Entries shown Block Start
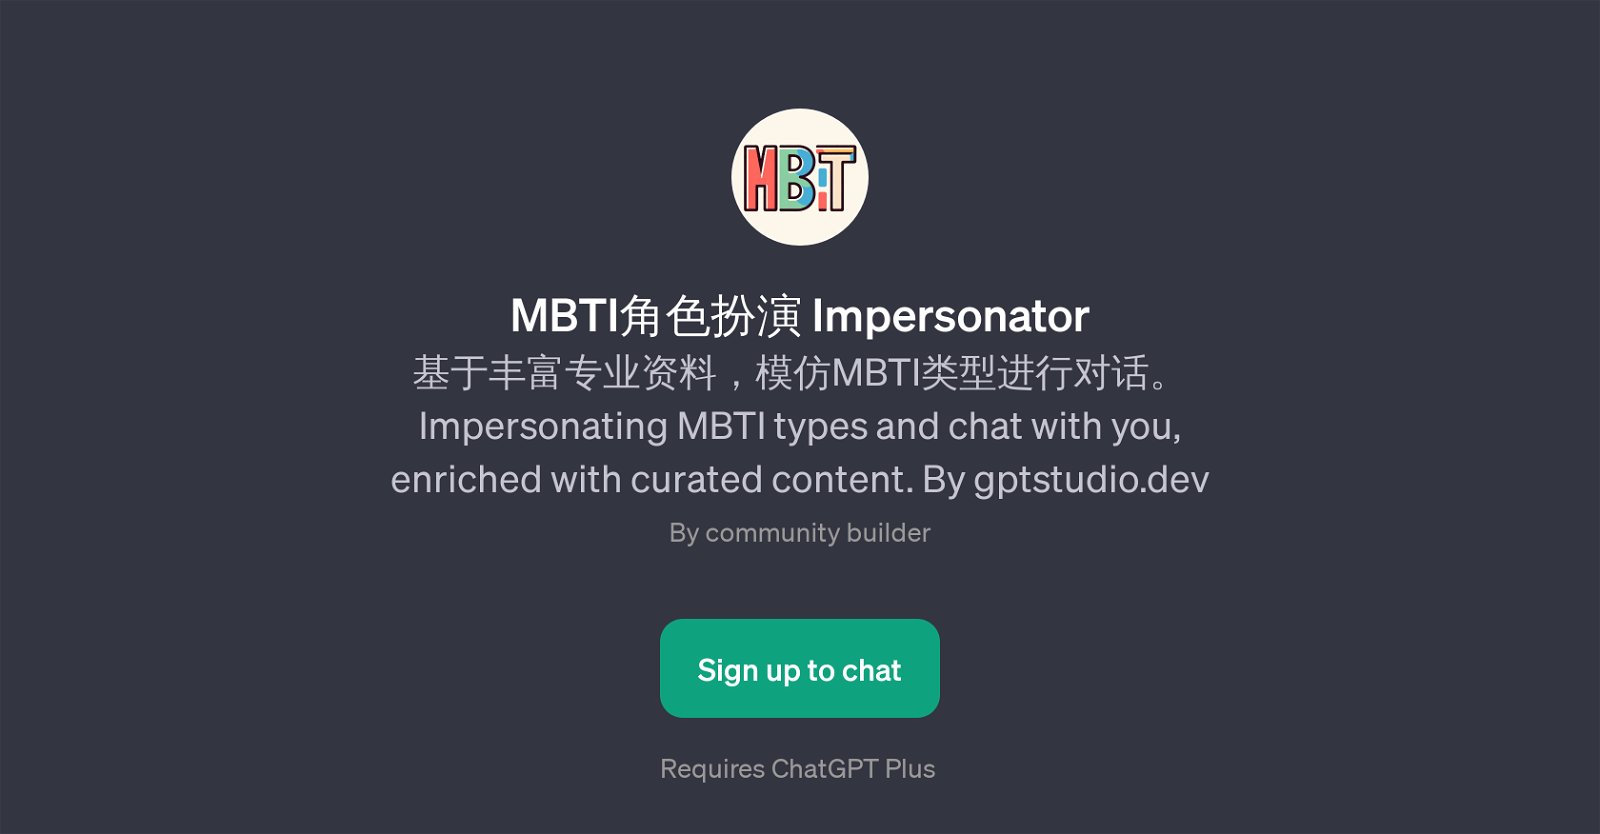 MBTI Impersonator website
Entries shown Block End
Entries shown Block Start
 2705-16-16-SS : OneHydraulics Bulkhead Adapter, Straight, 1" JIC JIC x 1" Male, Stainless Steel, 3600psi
Entries shown Block End
Entries shown Block Start
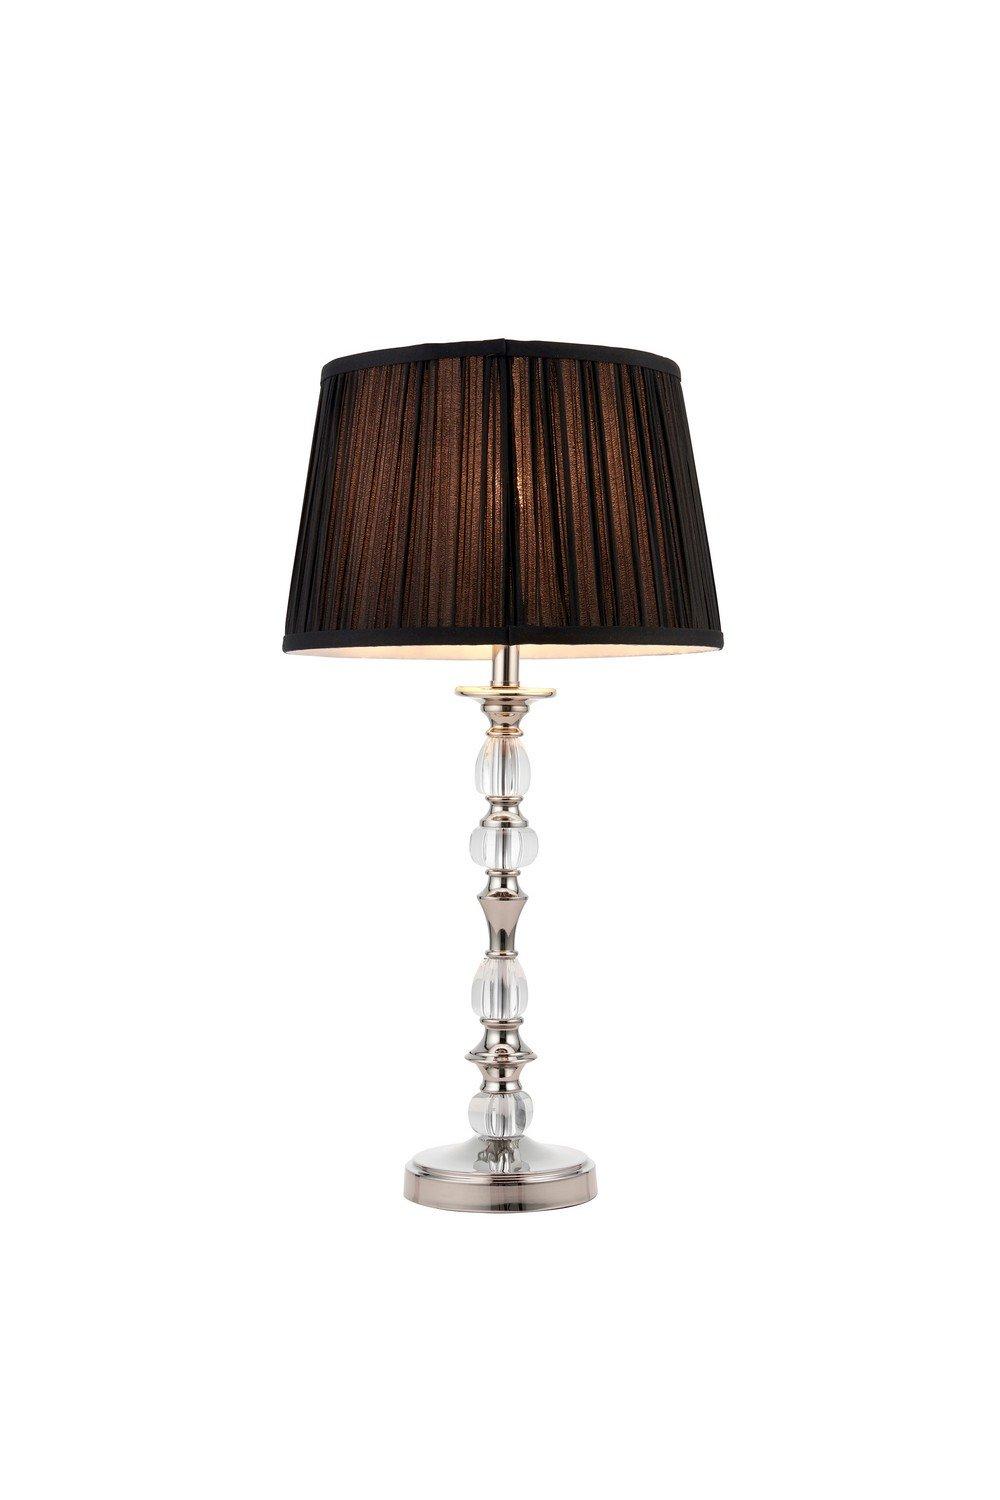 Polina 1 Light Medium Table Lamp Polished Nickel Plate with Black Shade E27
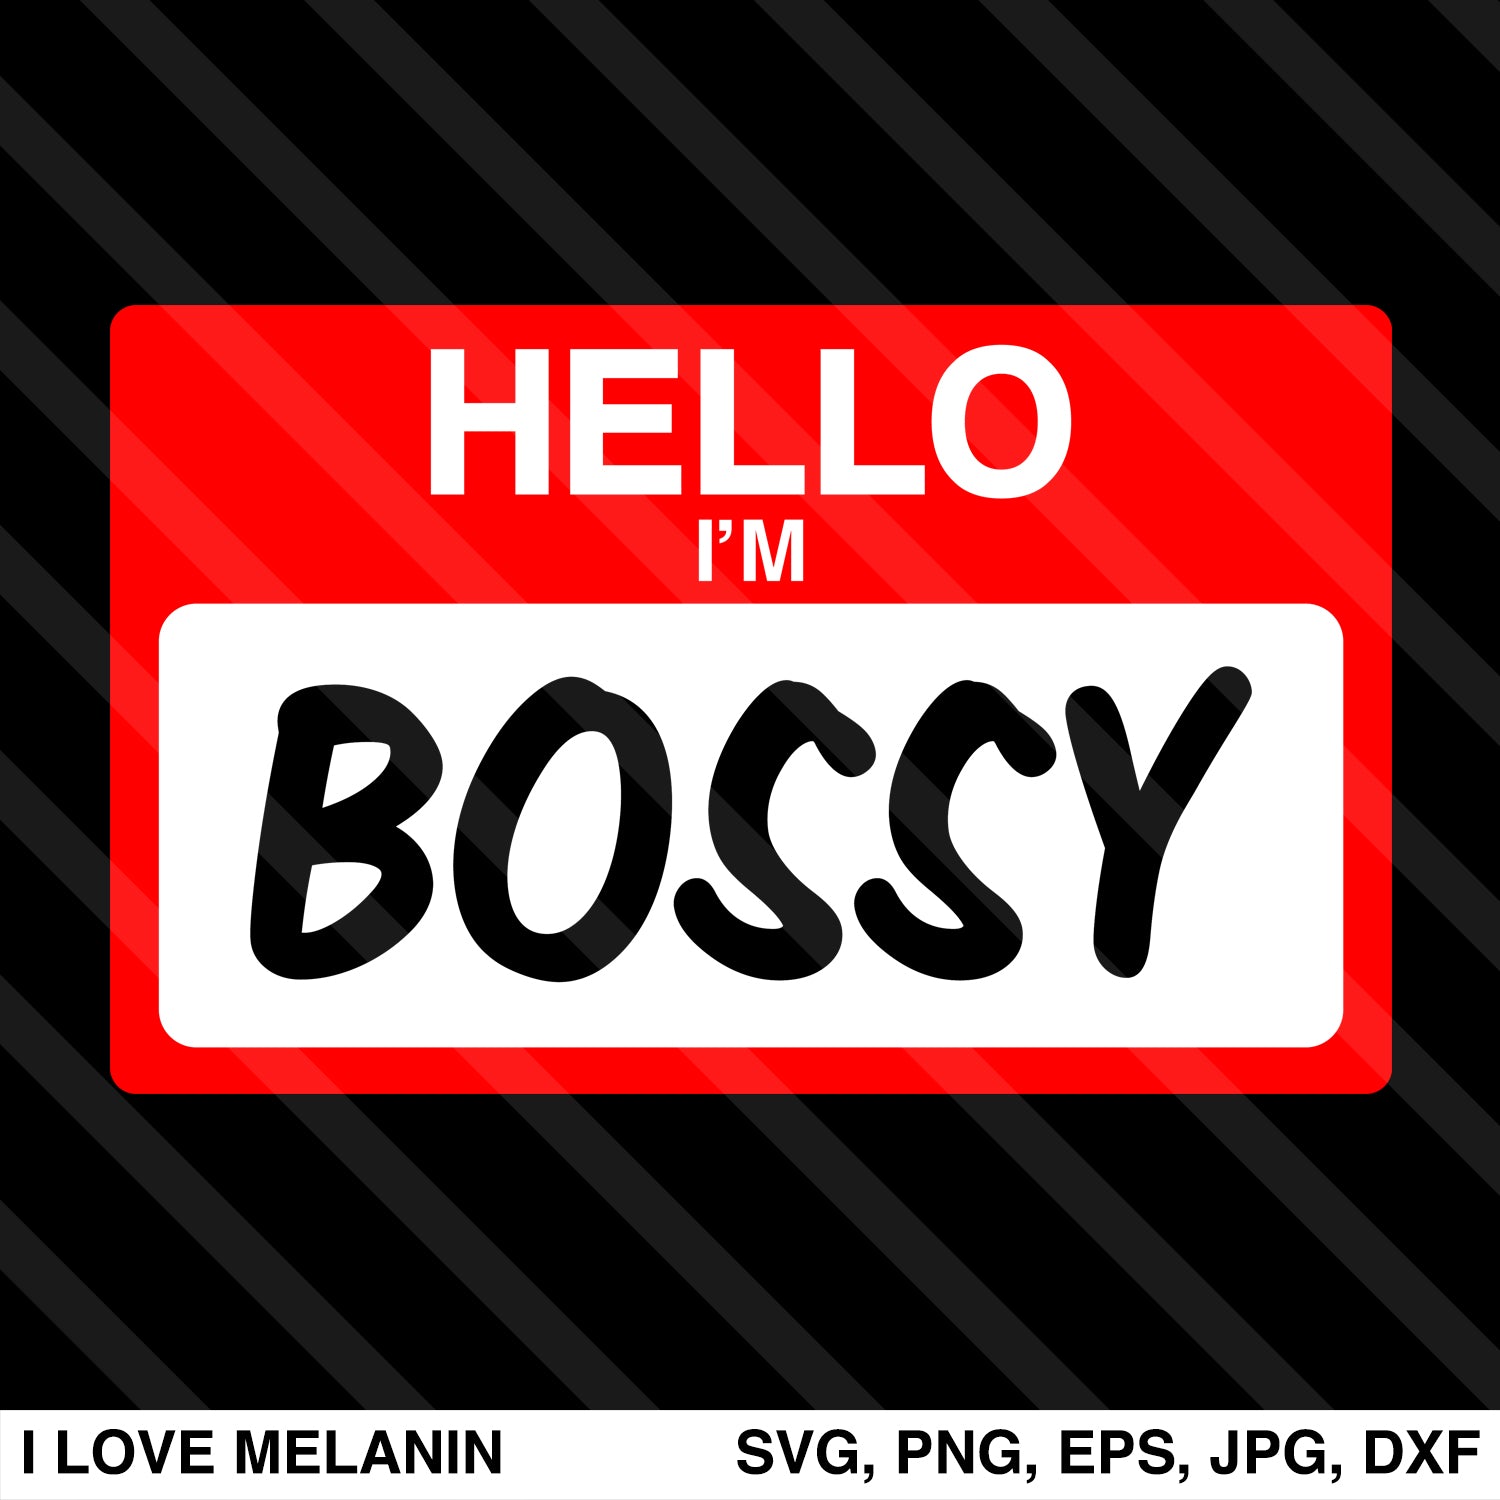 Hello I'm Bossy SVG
Entries shown Block End
▶ Exercise brief
Beginning with the line that contains "Polina 1 Light", write out the lines of the material above exactly, and end with the line that contains "Hello I'm Bossy SVG". Omit the pictures.

▶ Output for this exercise
 Polina 1 Light Medium Table Lamp Polished Nickel Plate with Black Shade E27
 Hello I'm Bossy SVG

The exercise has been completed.